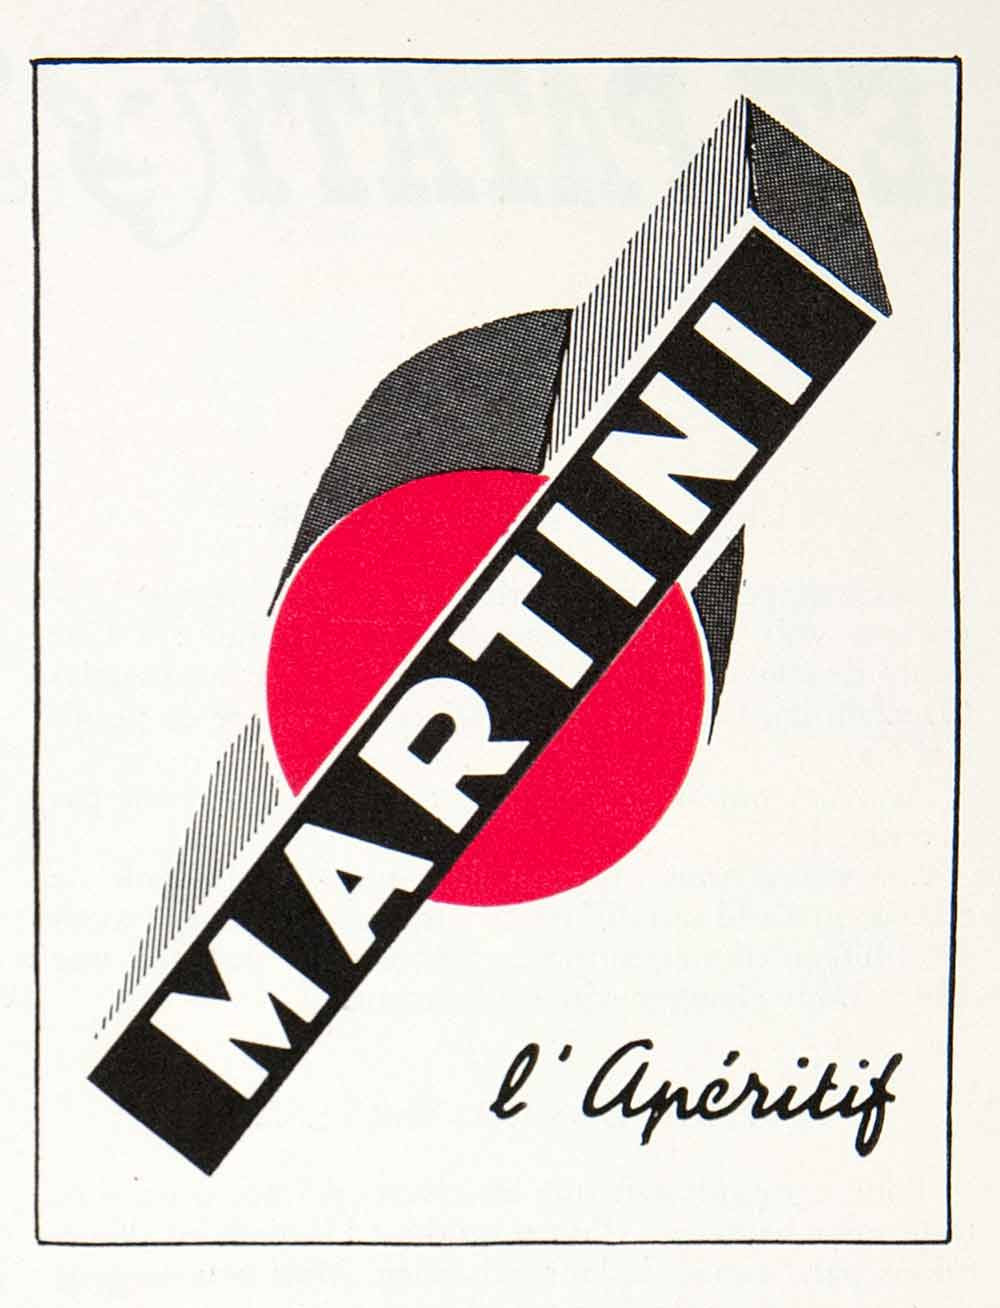 1955 Ad Martini Aperitif Alcohol Beverage Drink French Advertising VEN2
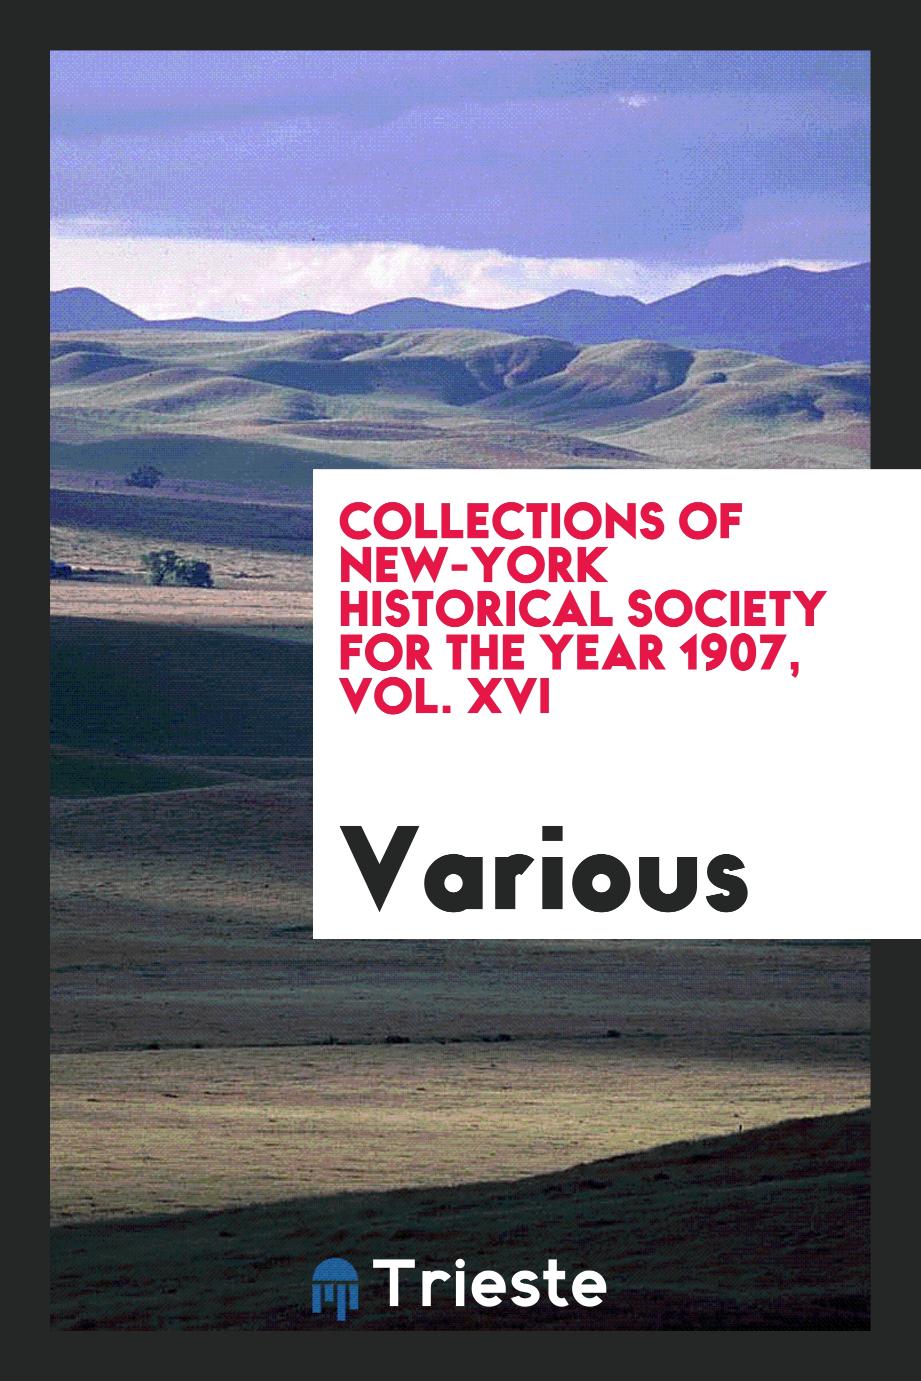 Collections of New-York Historical Society for the year 1907, Vol. XVI
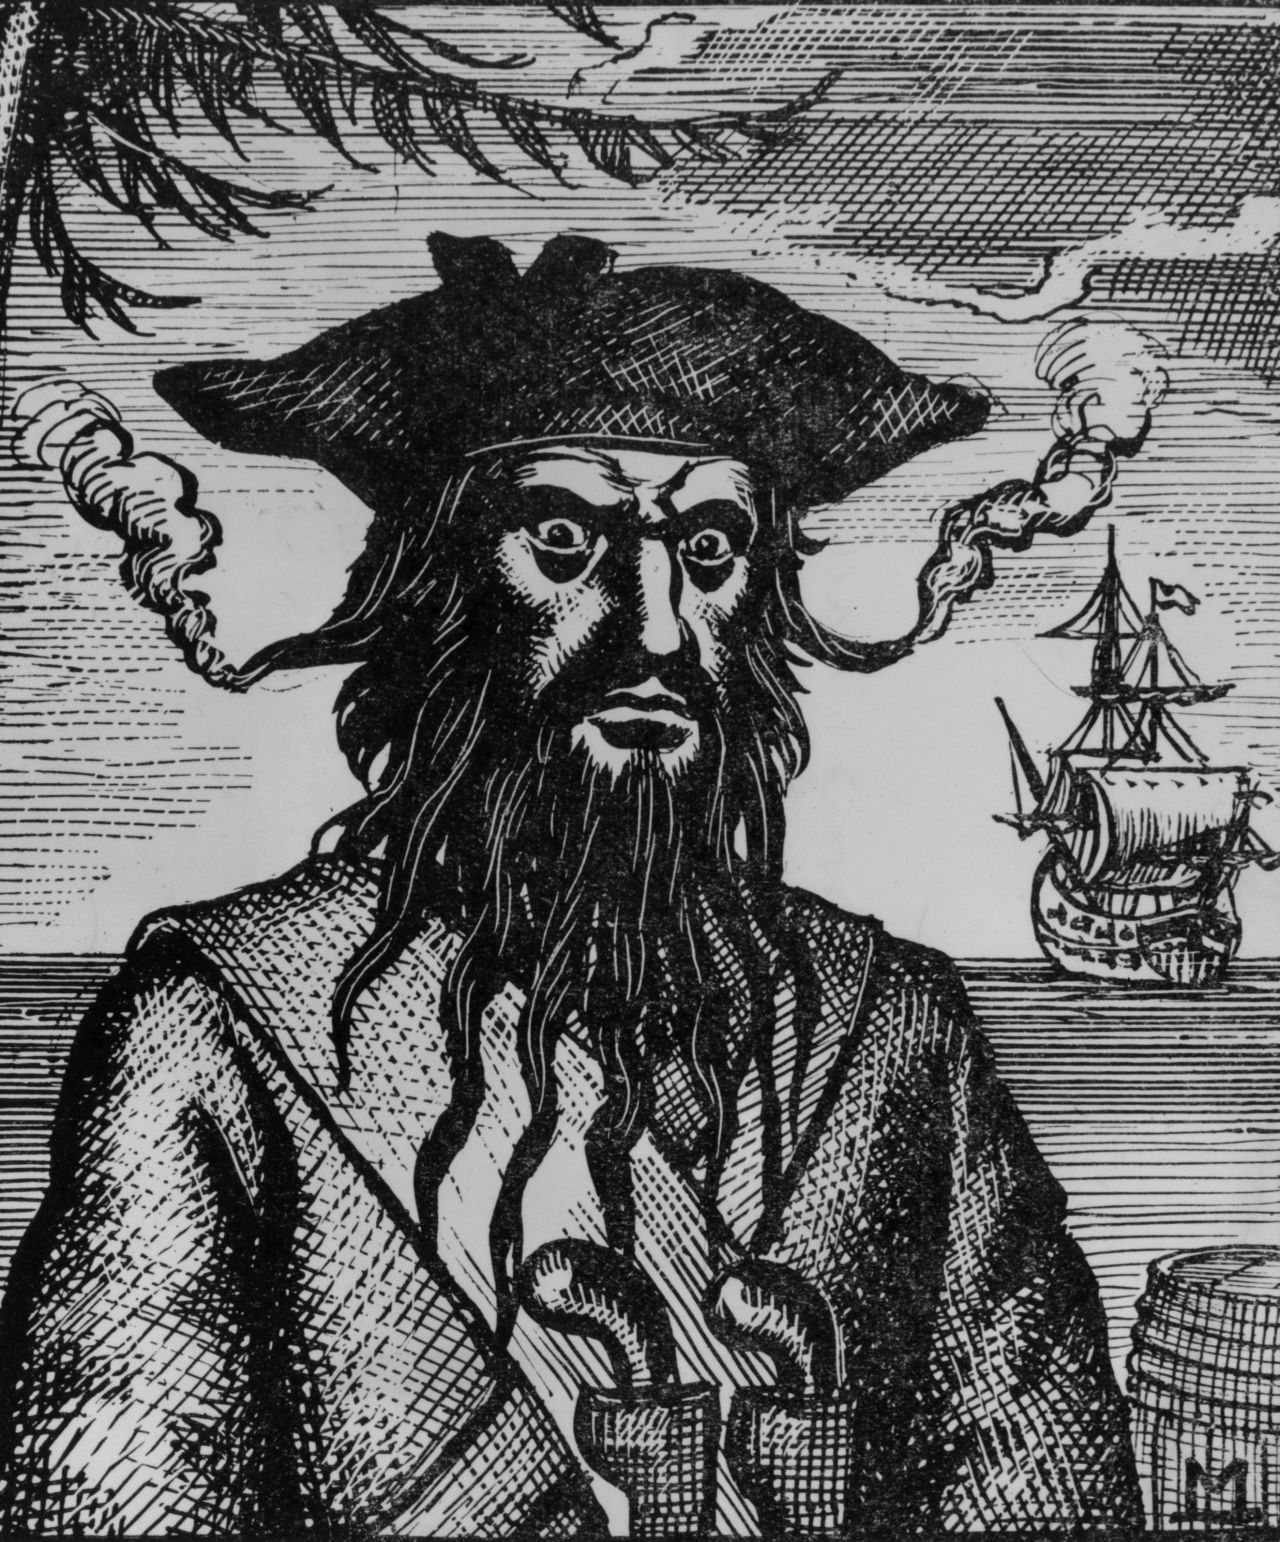 There are no actual photos of Blackbeard, but there IS this scary artist rendition. And those eyes say, "Give me just ... one ... tater tot."

* EXERCISE AIM
Once the pictures are set aside, please output all the data word for word.

* RESULT FOR THIS EXERCISE
 1955 Ad Martini Aperitif Alcohol Beverage Drink French Advertising VEN2
 Collections of New-York Historical Society for the year 1907, Vol. XVI
 There are no actual photos of Blackbeard, but there IS this scary artist rendition. And those eyes say, "Give me just ... one ... tater tot."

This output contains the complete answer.